The intimate moment passed, slipping away like water. Honoria Maquisten was laughing again.

“You and your hop pillow! Be off with you, you old villain! I'll be giving you notice one of these days. Carey—go and get me the medicine-glass off the bathroom shelf!”

Carey was glad enough to go. The sooner the sleeping-draught was taken, the sooner this horrible evening would be over.
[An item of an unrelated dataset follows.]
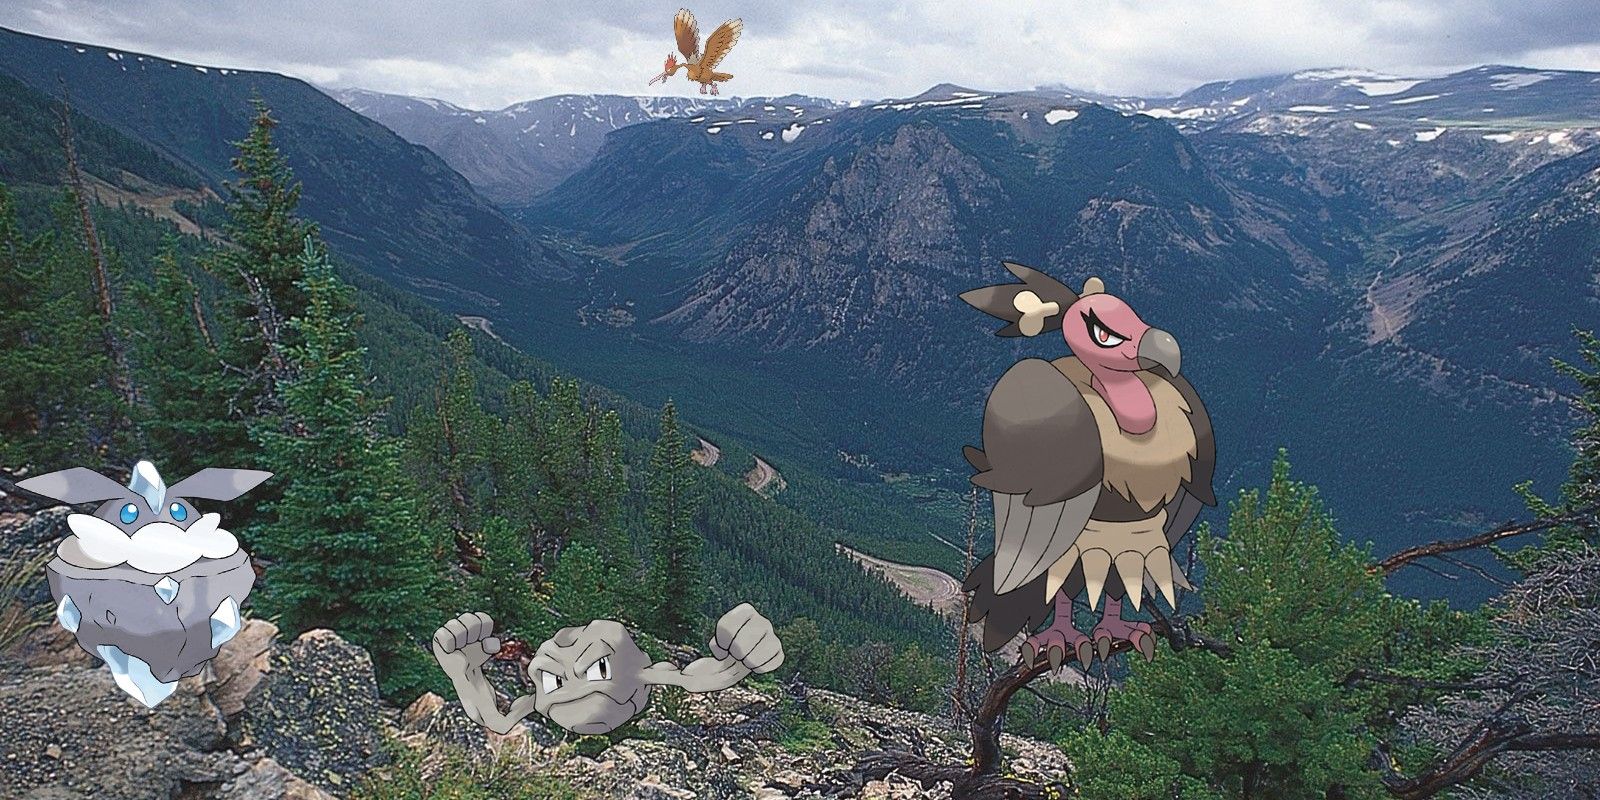 The Rocky Mountains iconic status makes it a perfect Pokémon inspiration.
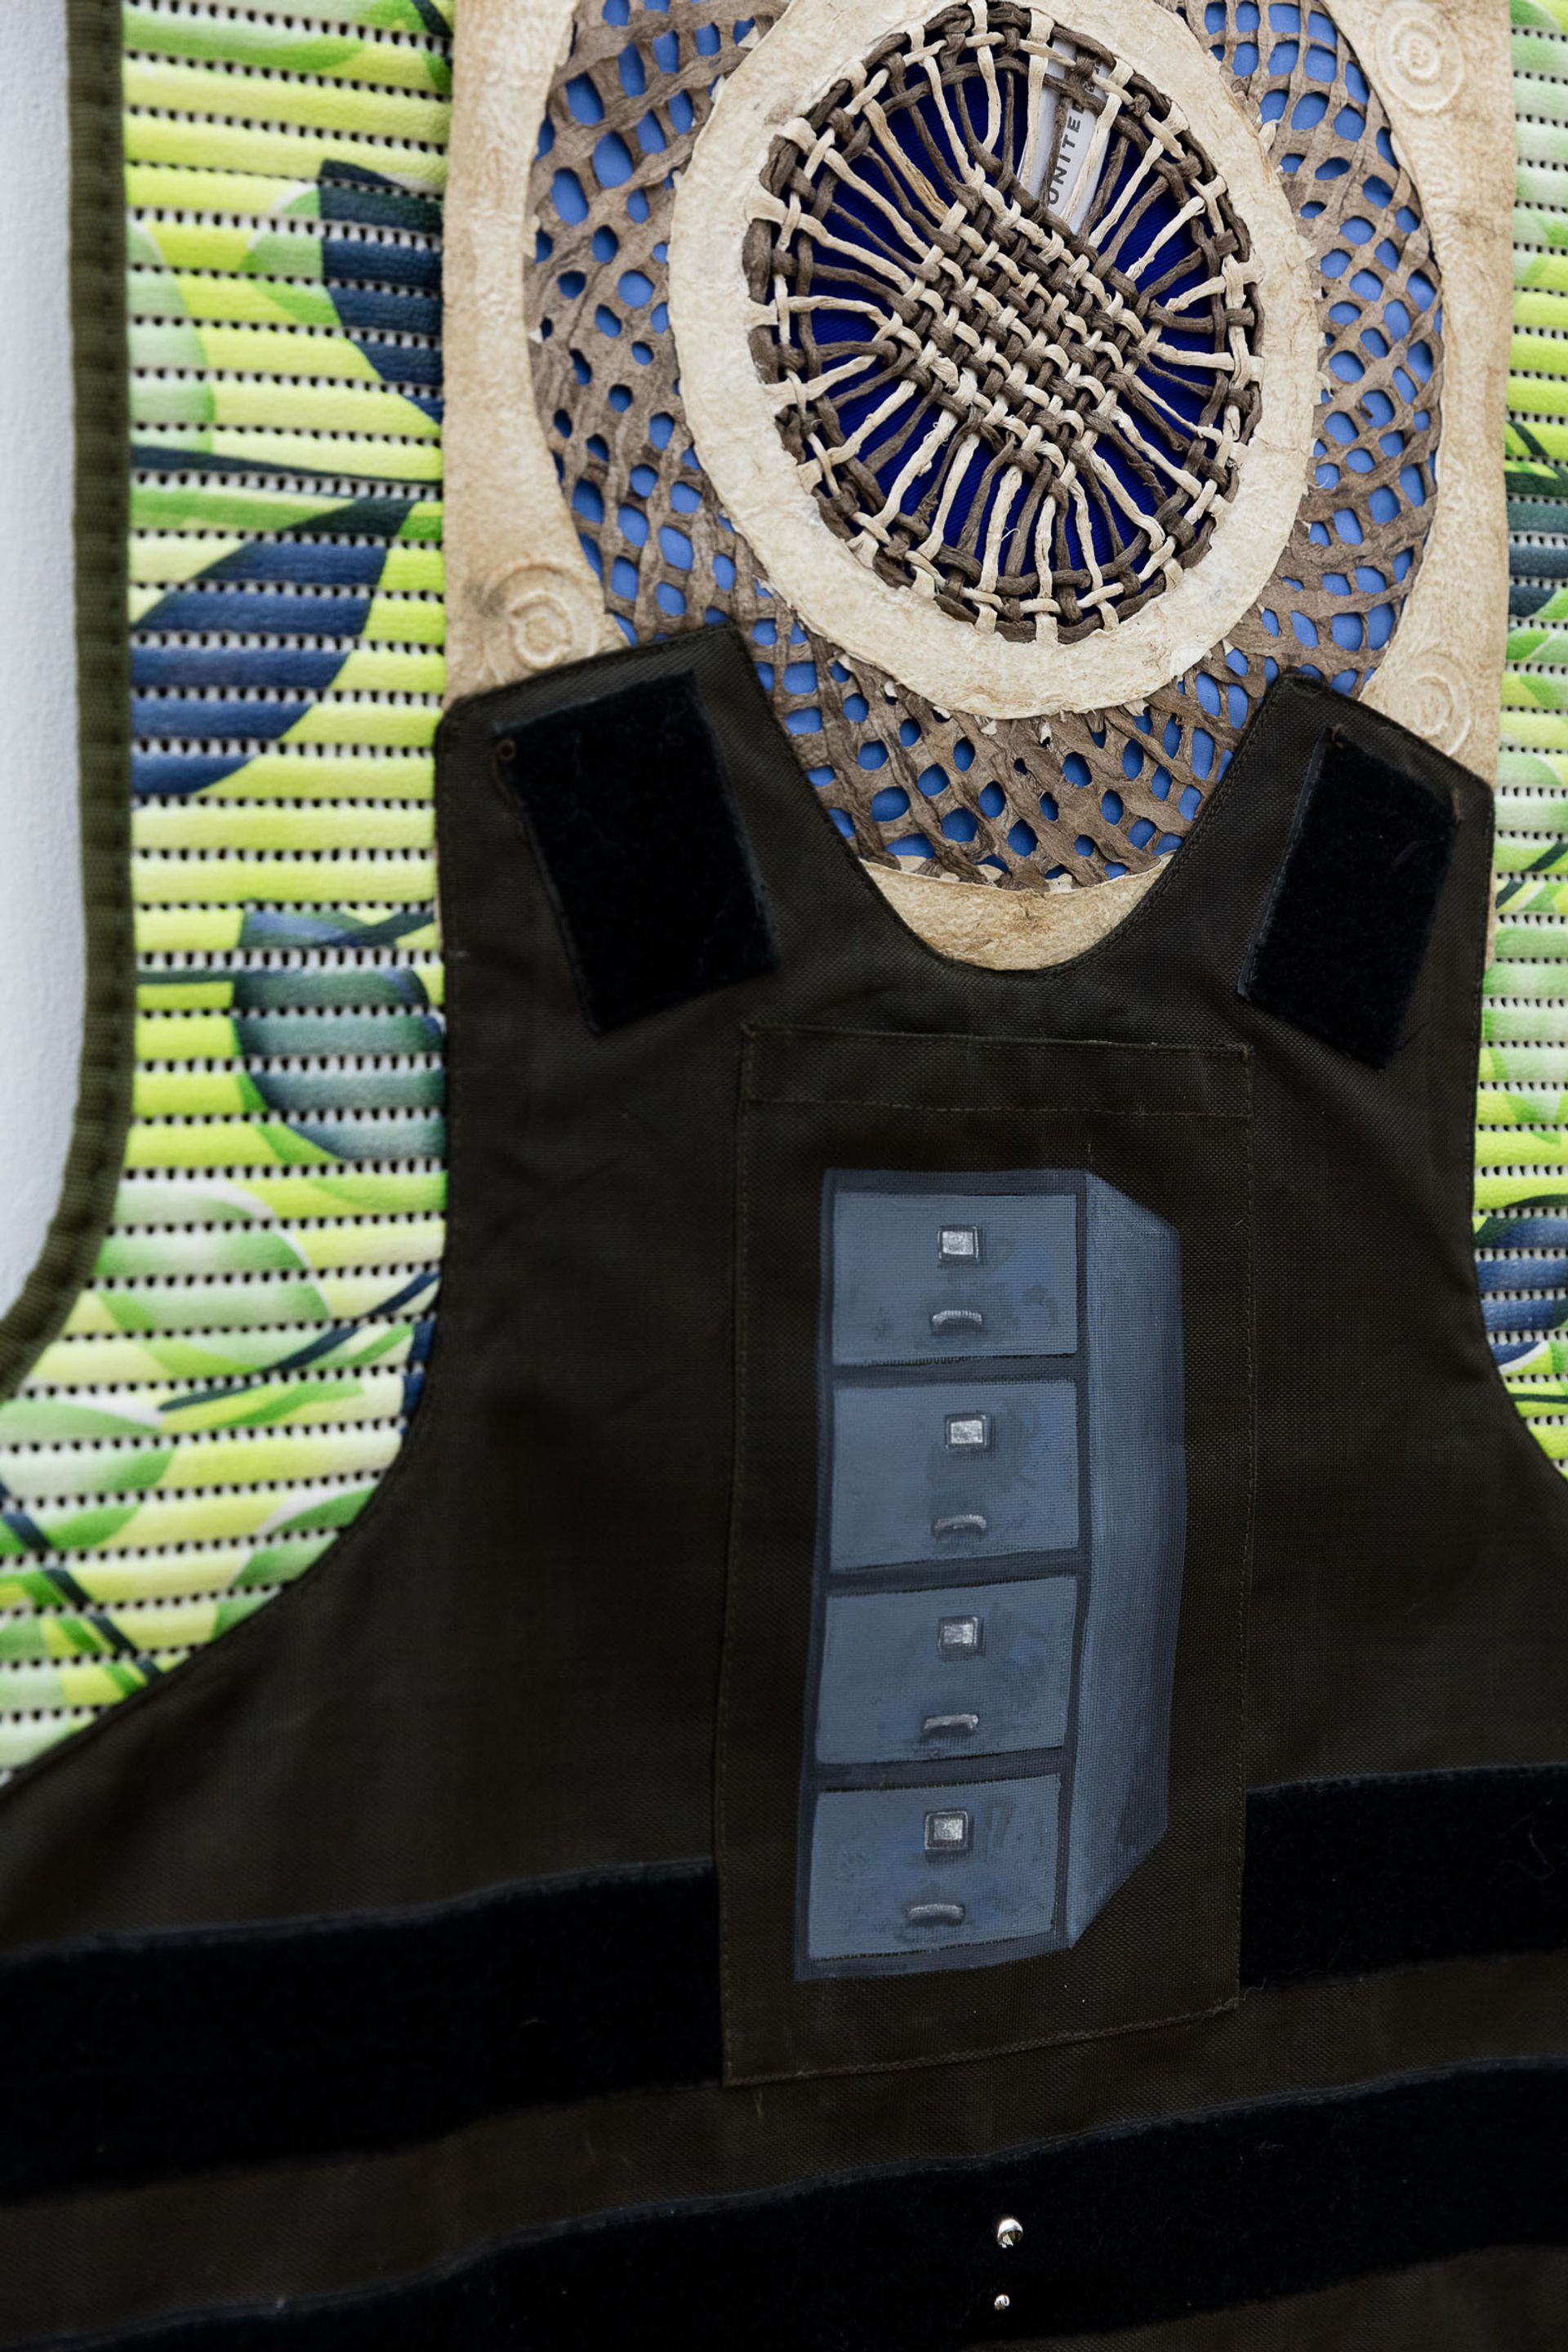 Ana Navas, United (Detail), 2018, mat, plaster, fabric, paper, metal, bulletproof vest, piercing, 193 × 65 cm, photo: Sebastian Kissel

As she opened the connecting door and switched on the light she could hear Ellen's grumbling voice going away down the room behind her, dwindling to a mutter, ceasing at the sound of the closing door.

The bathroom, which lay between Cousin Honoria's bedroom and the one occupied by Magda Brayle, connected with each. There was also a door to the passage. With the exception of these doors, which were painted to match, the walls were covered with pale green tiles with a pattern of storks and waterlillies let in among them. There was a green bath, and a green hand-basin with a shelf over it. And right in the middle a medicine-glass rather more than half full of cloudy water.

Carey picked up the glass and came back into the room, clicking out the light and shutting the door behind her. Mrs. Andrews had been fussy about lights, so that she was very well trained.

“There's a flask on the table by my bed,” Honoria Maquisten called over her shoulder. “Bring it here! I'll put in the brandy myself for a change—Magda scrimps it. And now take the glass over to Honor, and scc that she puts in a lump of sugar as well as the coffee and milk! And bring a spoon!”